Each day at three o’clock he’s waiting outside the school. Julie comes in all weather. She throws herself into her work and gets Crazy to master the difficult exercises. Coordinating the great, muscular body to obey her smallest instruction. Charlo puts up jumps for her and holds his breath as the horse canters toward them. His own body moves in sympathy, trying to will her over. The landing is thunderous, and Julie clings to the horse with her calves, jumping again and again. He’s enjoying these days, so he doesn’t look back. The fact that he experiences a few happy days fills him with a deep contentment.

It’s January and very cold. Julie rides in thermal overalls and Crazy’s large body can’t get properly warm. He’s stubborn and stiff. Julie is tired, so Charlo tries to slow her down.

“Put him back in his box,” he suggests. “Today we can just clean it out and leave things at that. And you can take a day off. It doesn’t matter if he stays in for one day.”

She shakes her head emphatically.

“That’s out of the question. Horses have to have exercise every single day,” she says categorically.

He praises and encourages, and comforts her when she complains. He makes up for all his sins. And she clings to him as she did when she was small. My daughter, he thinks, the lovely redhead, the veterinary surgeon.

It is on one of these icy January days that he suffers another strange episode. Frightening and incomprehensible. He’s helping Julie muck out. He throws himself into the task eagerly with the shavings fork and feels the muscles working in his arms. Now that he’s got going, he mucks out the box next door as well. And the one next to that, too. He works so hard that he makes the shavings fly. The wheelbarrow fills up and is heavy with horse muck. He wipes the sweat from his brow and his shirt feels cold down his back. He goes over and opens the hatch. Returns for the wheelbarrow, grips the handles, and begins wheeling it down the passage. Just then, one of his legs gives way and he pitches violently forward. His face is thrust into the damp droppings. The wheelbarrow tips over sideways, its contents spilling over his head. Confused, he lies there kicking with the acrid stench of muck in his nostrils. He wipes his face in bewilderment. The muck is everywhere: in his eyes and his mouth, and even down the back of his neck.

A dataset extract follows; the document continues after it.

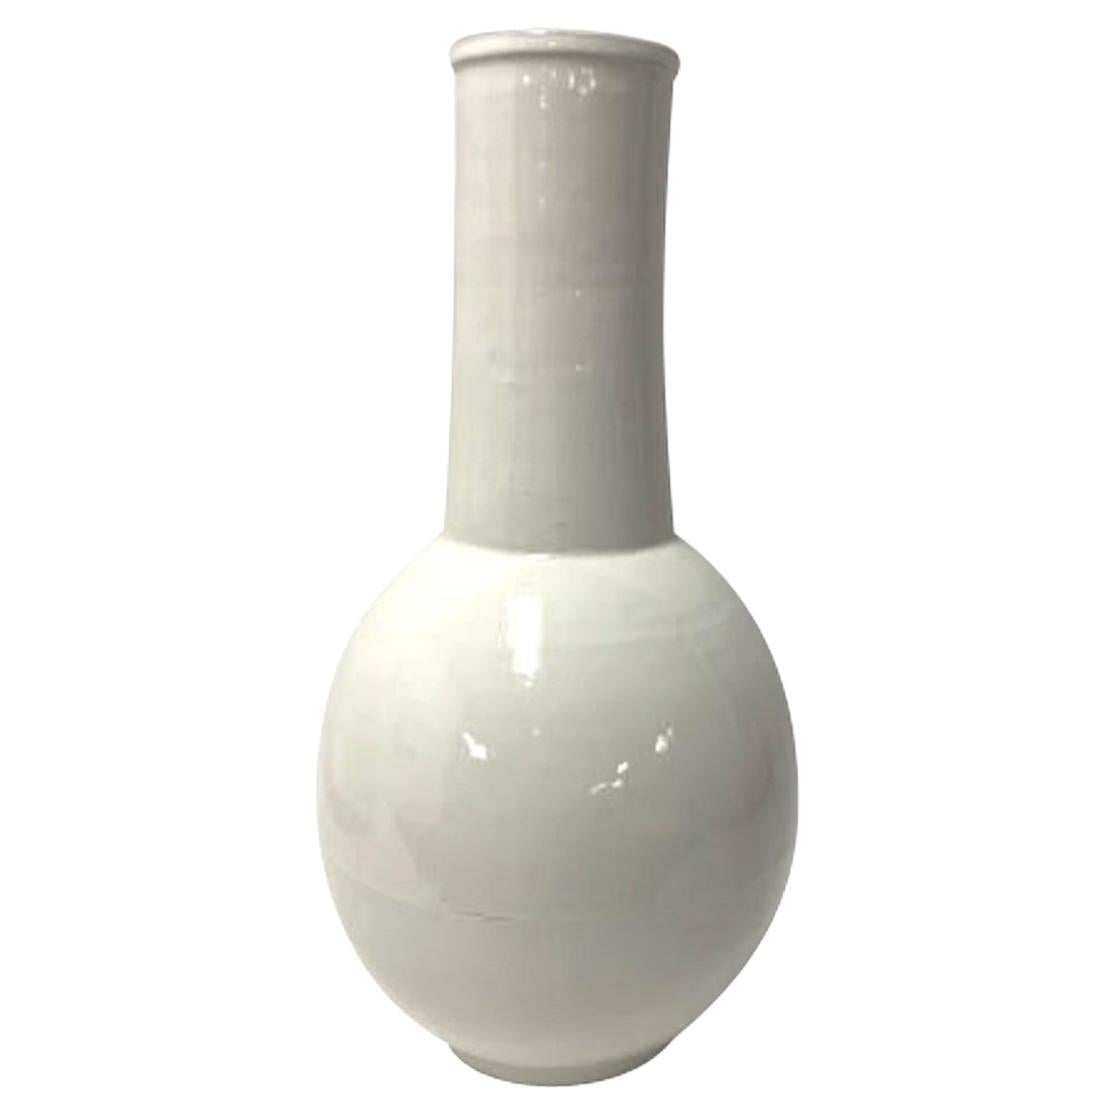 ceramique chinoise contemporaine

Desperately he attempts to gather his wits. Just then he hears Julie’s laughter. He’s never heard this laugh before. It cascades heartfelt and bright over his head, and he thinks how comic he must look, lying on the floor with the wheelbarrow over him. And Julie just can’t stop laughing. For his part, he’s dumb. Frantically he tries to stand up to right the wheelbarrow. Julie is unable to help him; she’s clutching a broom and laughing so much it echoes around the stable. At last her laughter subsides into silence. Just a few little gasps of mirth. She stops because he’s silent and struggling to get to his feet. She goes over to him, takes hold of the wheelbarrow with both hands, and turns it over.

“Oh, Dad,” she says.

There are still some traces of laughter in her voice, but also something else, a note of anxiety. Because he’s not laughing, too.